A SERDES transceiver is the high-speed input/output workhorse within an FPGA that bridges the gap between the wide, slow parallel buses of the internal fabric and the narrow, multi-gigabit serial lanes required for modern data converter interfaces. In the context of digital predistortion, the SERDES block implements the physical layer for the JESD204B standard, transmitting the predistorted baseband signal to the digital-to-analog converter (DAC) and receiving the observed power amplifier feedback from the analog-to-digital converter (ADC) over a minimal number of differential pairs.
Glossary
SERDES

What is SERDES?
A SERDES (Serializer/Deserializer) is a functional block that converts parallel data into a high-speed serial stream and vice versa, forming the physical layer for JESD204B links to data converters in FPGA-based DPD systems.
The core function involves a parallel-in, serial-out shift register on the transmit side and a serial-in, parallel-out shift register on the receive side, typically incorporating clock data recovery (CDR) to extract timing from the incoming bitstream. For FPGA-based DPD implementation, the SERDES block's deterministic latency and line rate directly constrain the achievable linearization bandwidth, making its configuration a critical design parameter for meeting the tight loop-delay budgets required by wideband memory polynomial predistorters.

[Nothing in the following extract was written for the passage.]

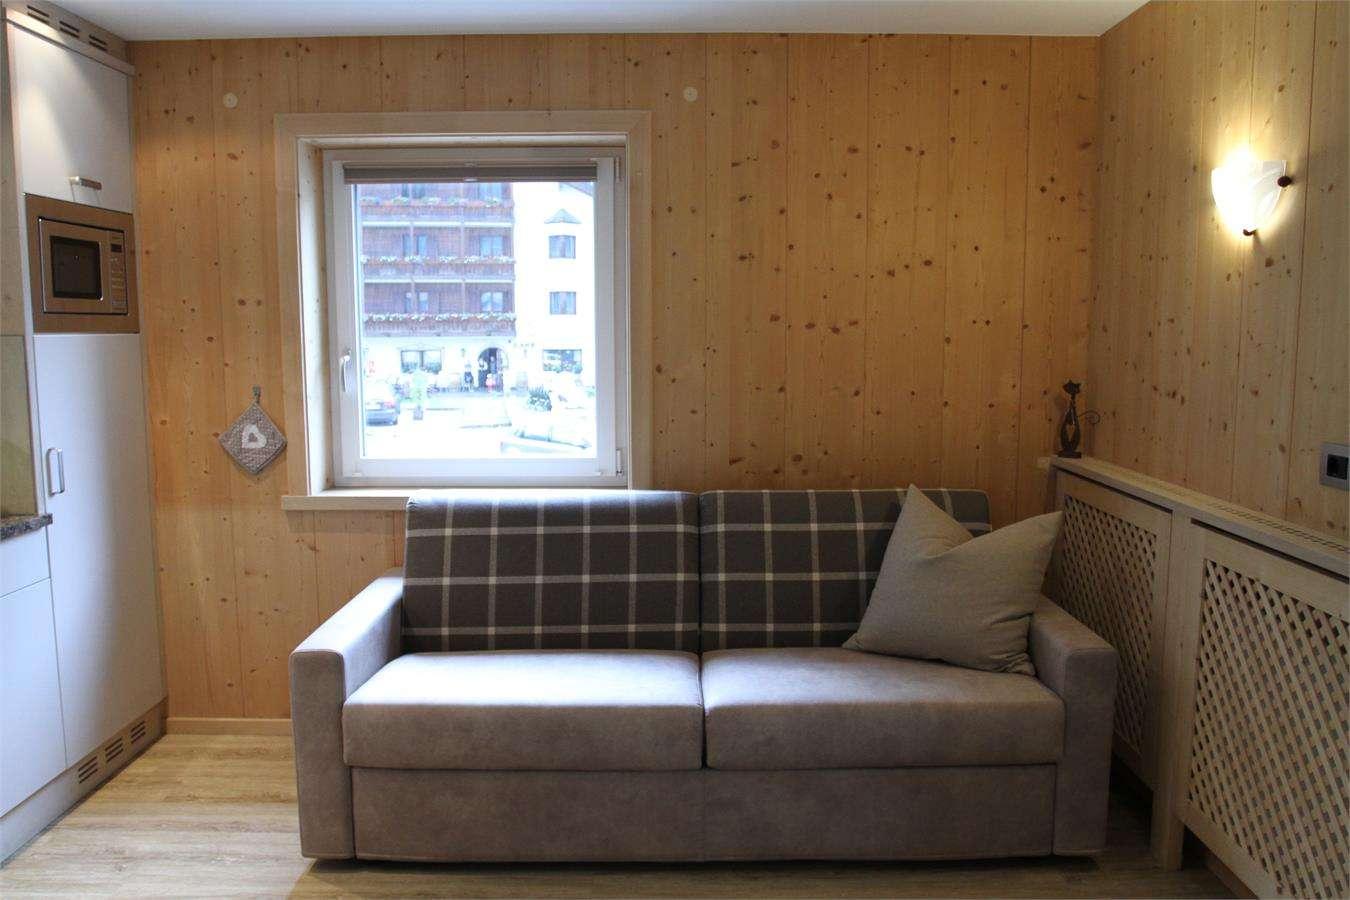 bettsofa fr 2 personen trendy fr jeden tag sofadepot im ganzen schlafsofa personen with. Black Bedroom Furniture Sets. Home Design Ideas

Key Characteristics of FPGA SERDES
A Serializer/Deserializer (SERDES) is the fundamental mixed-signal block that bridges the wide, parallel world of FPGA fabric with the narrow, high-speed serial world of modern data converter interfaces like JESD204B. Understanding its architecture is critical for closing timing on DPD feedback paths.
Parallel-to-Serial Conversion
The core function of a SERDES transmitter is to serialize a wide parallel data bus into a single high-speed differential lane. Serializer logic takes an N-bit word from the FPGA fabric at a lower frequency and shifts it out at N times that rate.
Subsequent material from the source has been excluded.